September 16, 2015 at 9:20 pm
Does anyone know a good way to add a percentile calculation to a table in sql server 2008 r2?
I've got 4 fields and I'd like to add a 5th labeling the records according to the percentile they fall in for one of the fields.
Any tips greatly appreciated.
September 16, 2015 at 10:50 pm
Can you give more detail regarding you actual scenario, like table structure, some sample data and your desired output to better understand your problem?
September 16, 2015 at 11:06 pm
You need PERCENT_RANK which is not available In SQL 2012.

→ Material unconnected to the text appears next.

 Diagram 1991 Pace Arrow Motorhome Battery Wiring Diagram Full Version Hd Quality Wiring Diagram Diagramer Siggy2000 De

To get the Percent Rank Pre-2012:
If rk is the RANK for the specified partition
AND rc is the row count for the specified partition
The formula to calculate Percent Rank is (rk-1)/(rc-1).

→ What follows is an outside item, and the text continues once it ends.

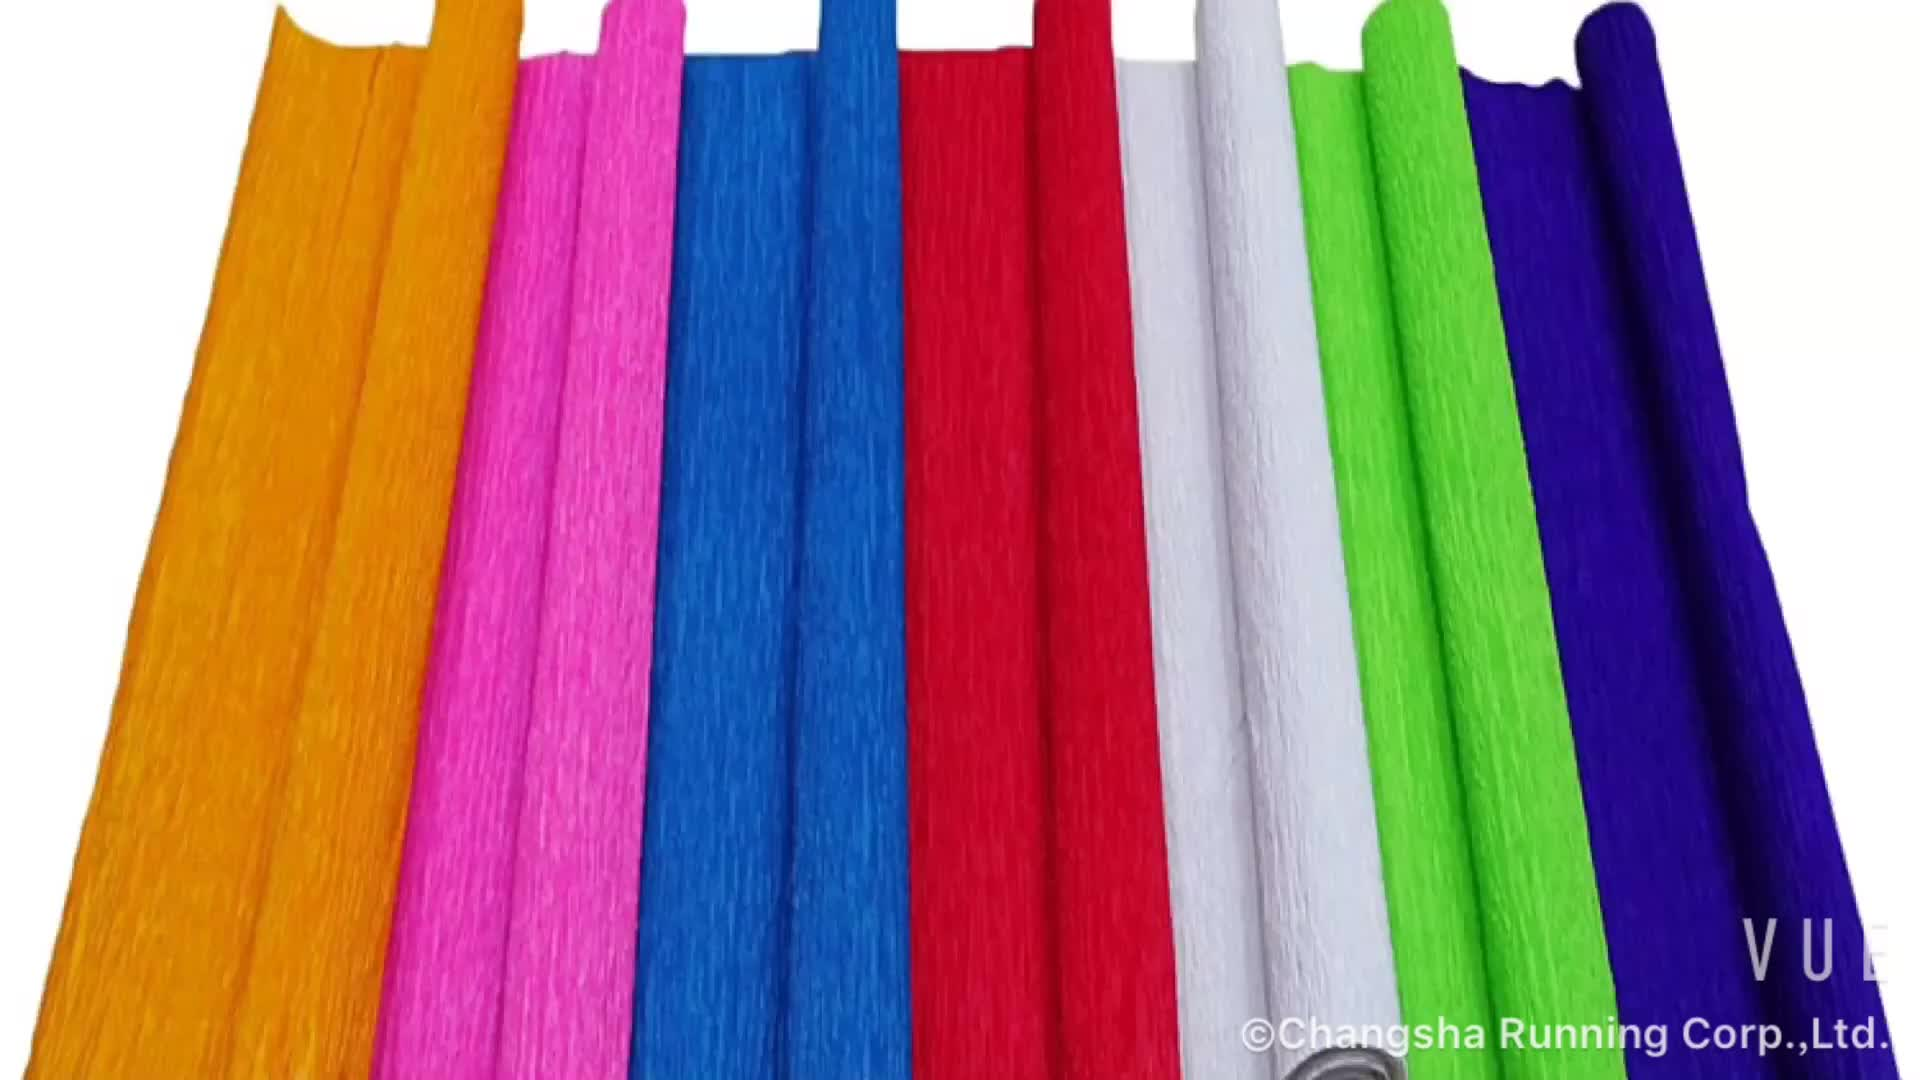 Высокое качество креп рулона бумаги с 8ft длина 20in ширина

Since I don't have sample data to work with I'll create some along with an example of how you'd do this Pre-SQL 2012...
-- Sales Table for sample data
DECLARE @Sales TABLE (SalesPersonID int, SaleYear int, SalesAmt int);
-- Create Sample Data
WITH
iTally AS (SELECT N FROM (VALUES (1),(2),(3),(4),(5),(6),(7)) T(N)),
Years AS (SELECT YR FROM (VALUES (2010),(2011),(2012)) T(YR))
INSERT @Sales
SELECT SalesPersonID = N, SaleYear = YR, SalesAmt = ABS(CHECKSUM(newid())%20)+1
FROM Years CROSS JOIN iTally;
-- Calculate Percent Rank for each sales person per year.
WITH X AS
(
SELECT SalesPersonID, SaleYear, SalesAmt,
rk = RANK() OVER (PARTITION BY SaleYear ORDER BY SalesAmt),
rc = COUNT(*) OVER (PARTITION BY SaleYear)
FROM @Sales
)
SELECT SalesPersonID, SaleYear, SalesAmt,
PercentRank = 1.*(rk-1)/(rc-1)
FROM X
Edit: Forgot to mention. The solution above is calculating the percent rank for each salesperson per year. If you are not grouping the data like I did (for year) then the partition clauses are not needed. Also, COUNT(*) OVER is somewhat expensive. My solution can be tuned but I am out of time 😉
-- Itzik Ben-Gan 2001
September 20, 2015 at 12:12 pm
What about NTILE in a Windows function? Would that work in your scenario?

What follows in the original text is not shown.